## Collected data
────────────────────

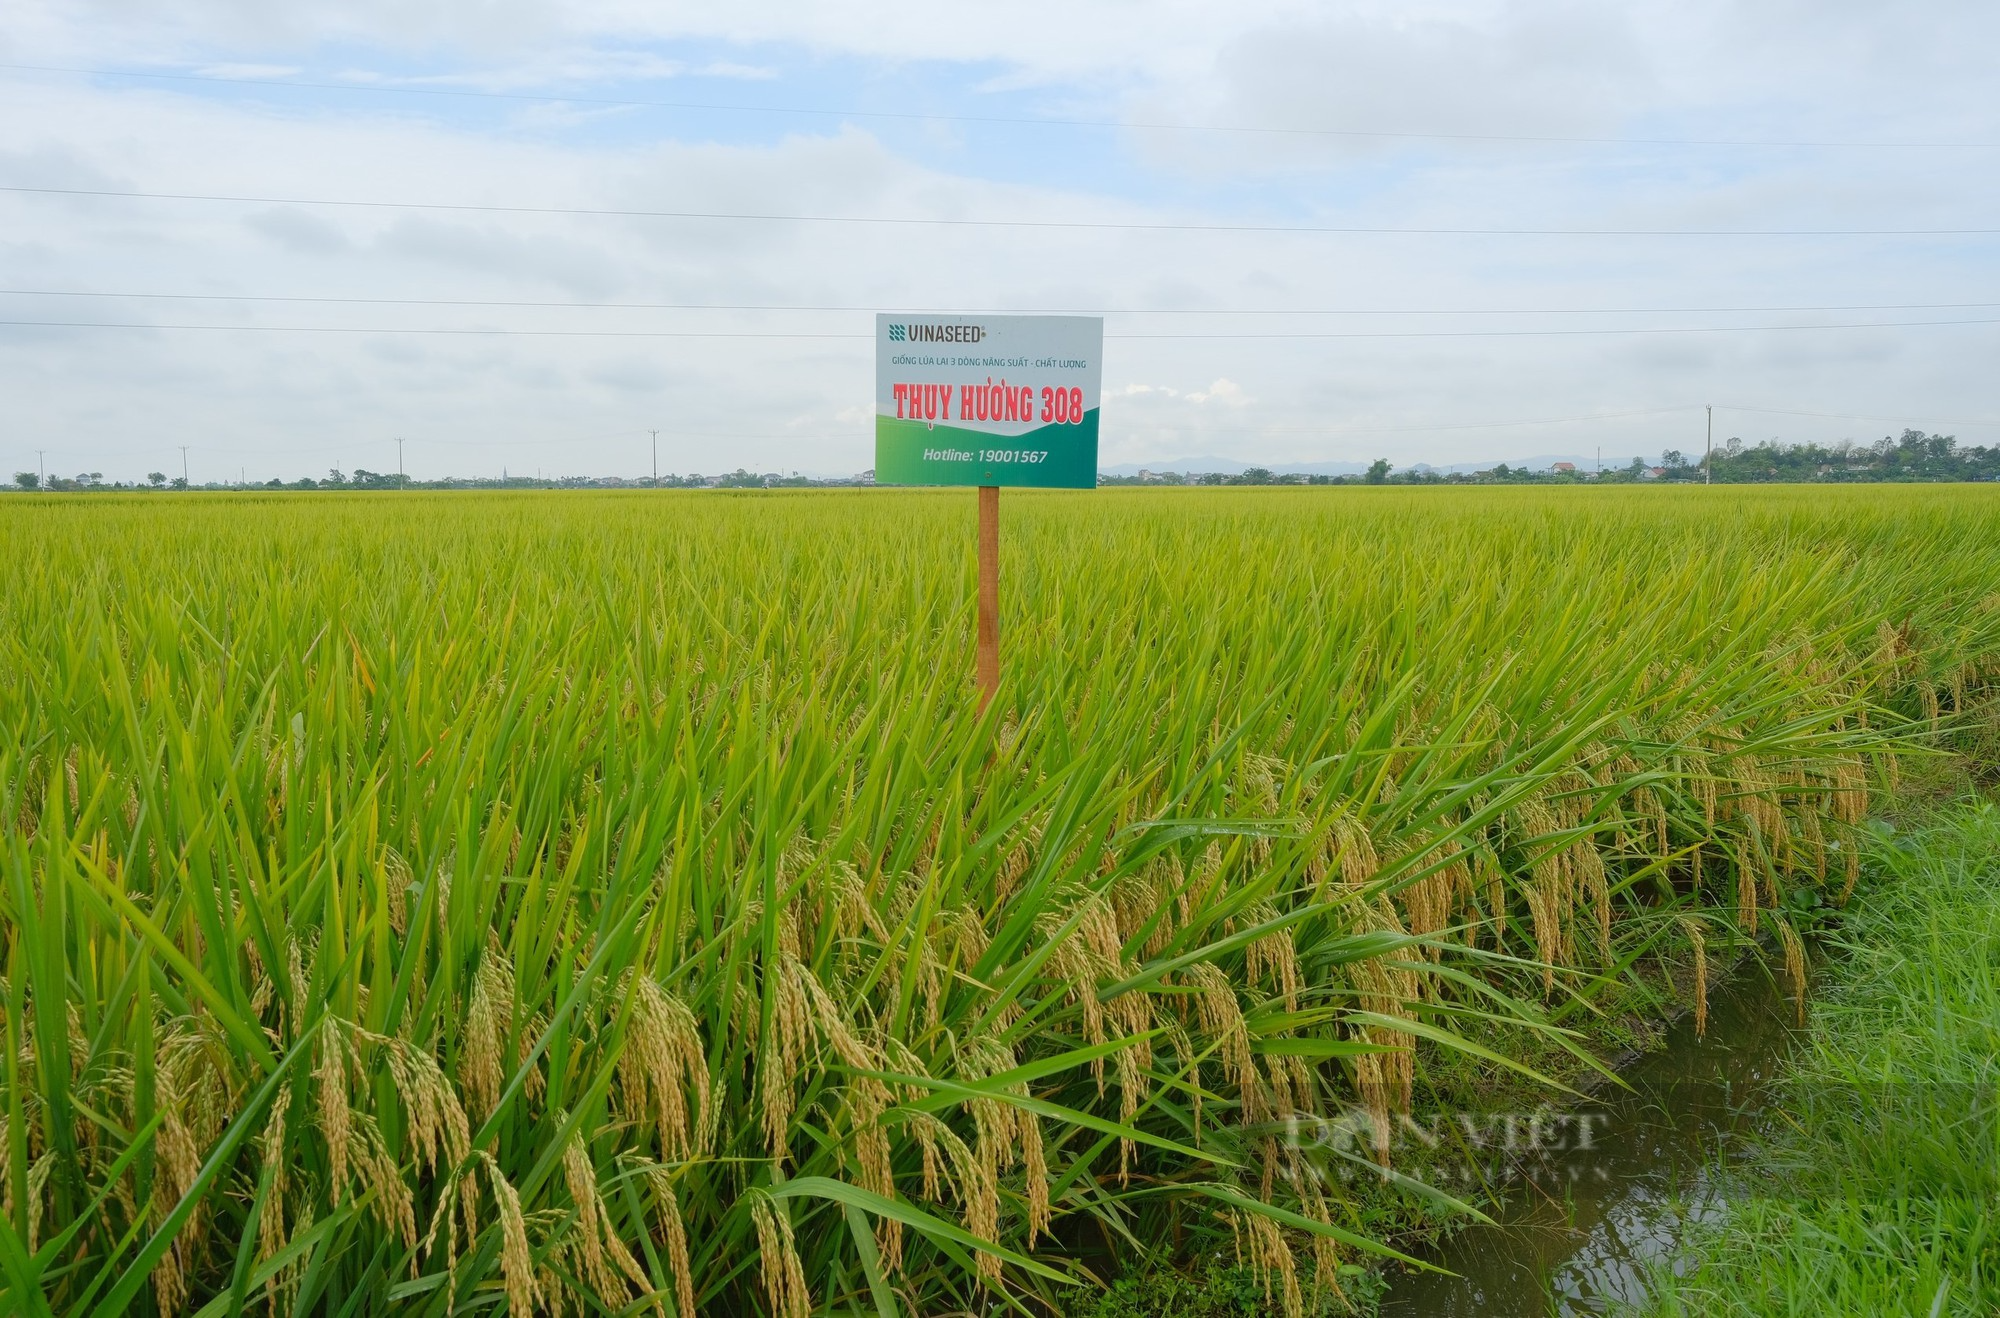 Thụy Hương 308 của Vinaseed khiến nông dân ở huyện Yên Thành, tỉnh Nghệ An bất ngờ khi đẻ khỏe, bông dài, hạt chắc - Ảnh 10.
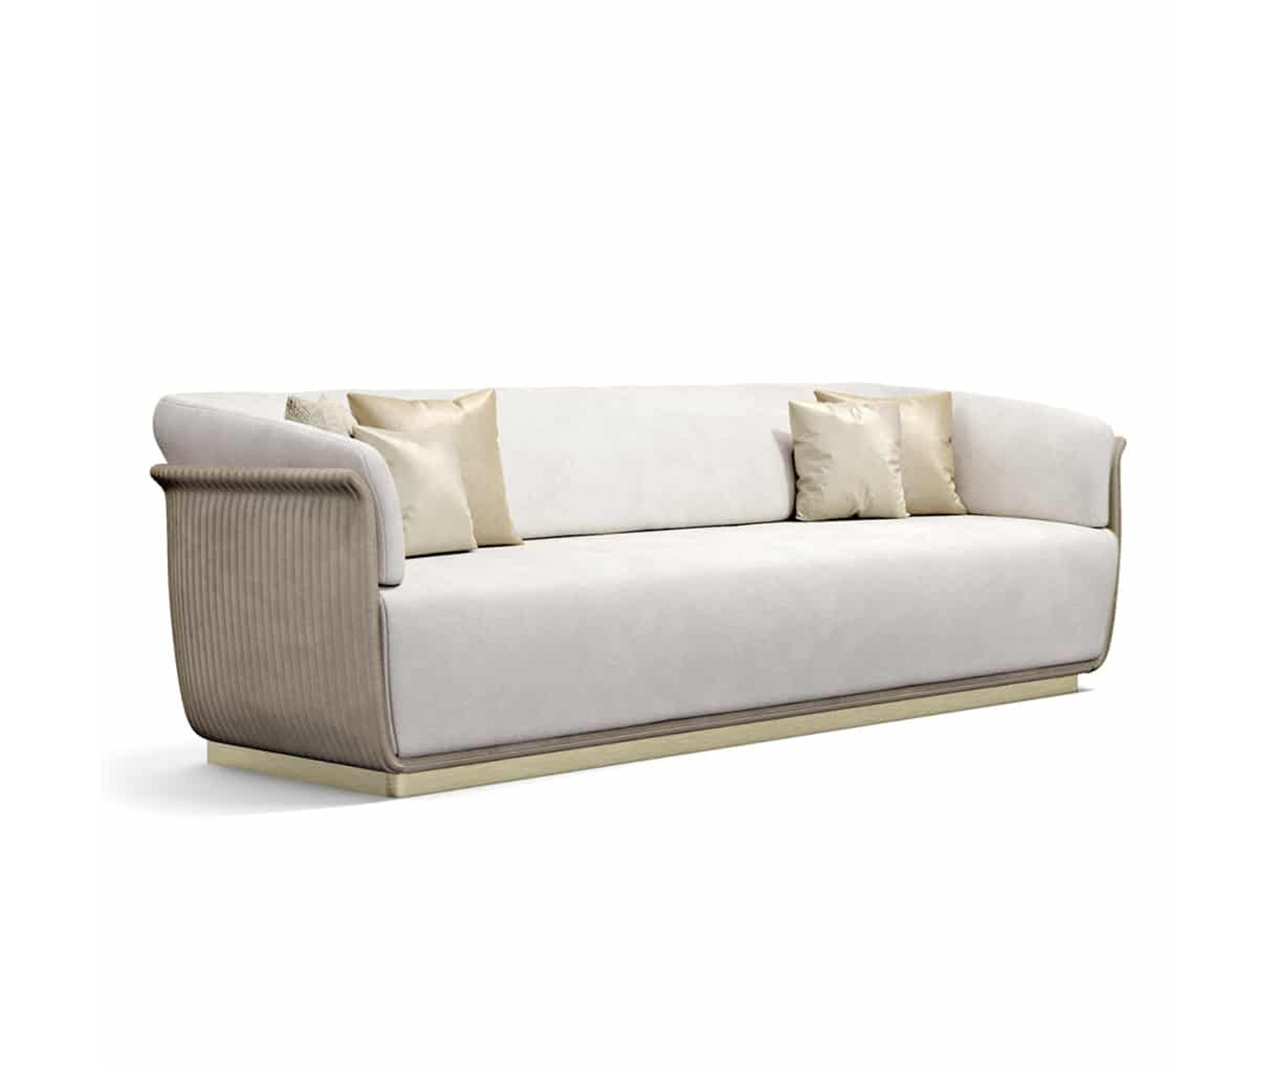 Upholstered White Sofa
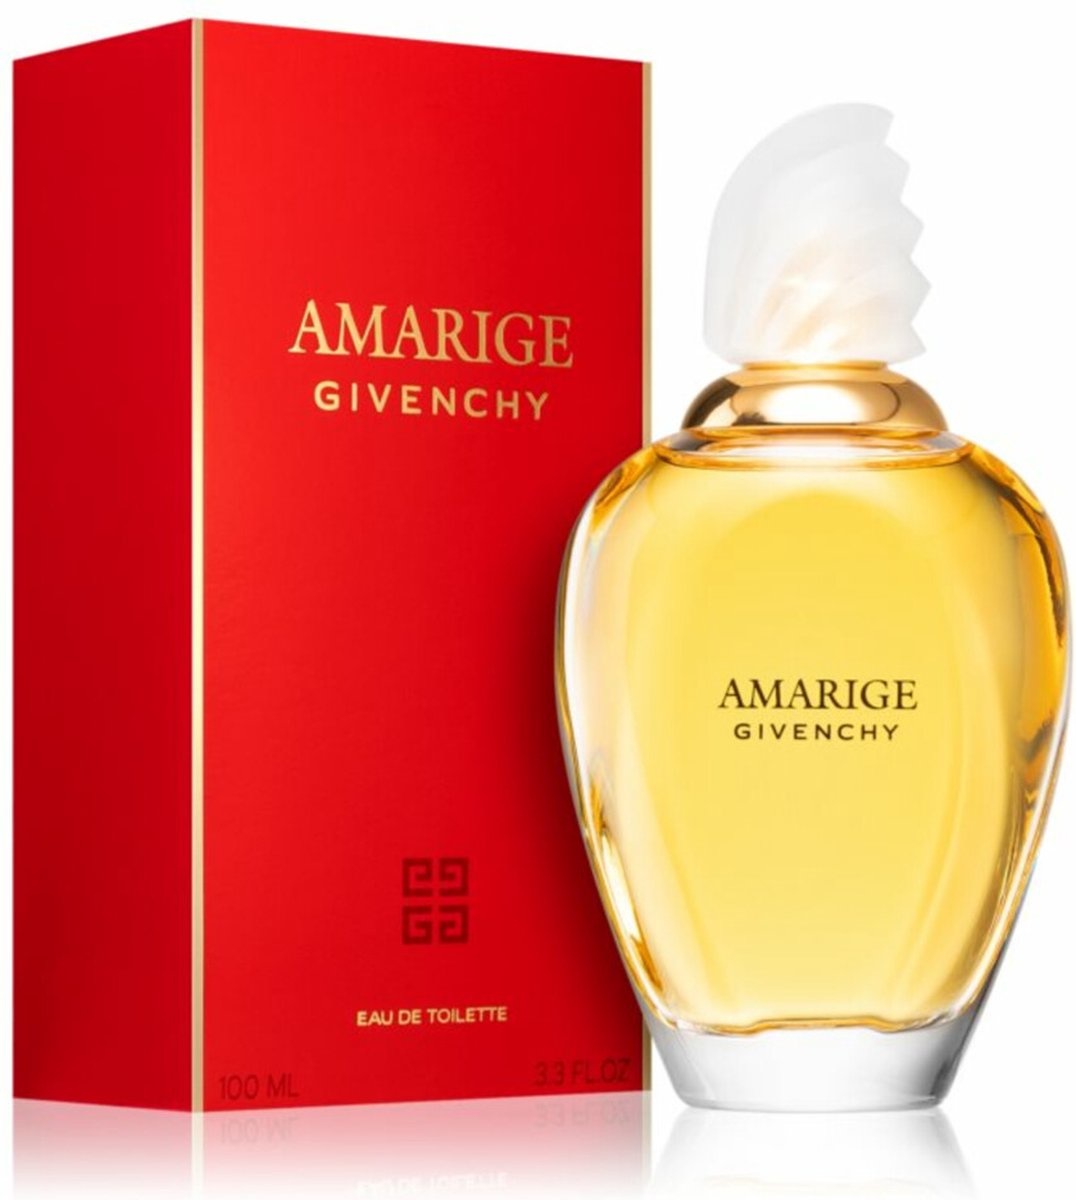 Givenchy Amarige 100 ml - Eau de Toilette - Women's Perfume

────────────────────

## Task requirements
Transcribe the material exactly, and leave out whatever pictures it holds.

## Answer space
 Thụy Hương 308 của Vinaseed khiến nông dân ở huyện Yên Thành, tỉnh Nghệ An bất ngờ khi đẻ khỏe, bông dài, hạt chắc - Ảnh 10.
 Upholstered White Sofa
 Givenchy Amarige 100 ml - Eau de Toilette - Women's Perfume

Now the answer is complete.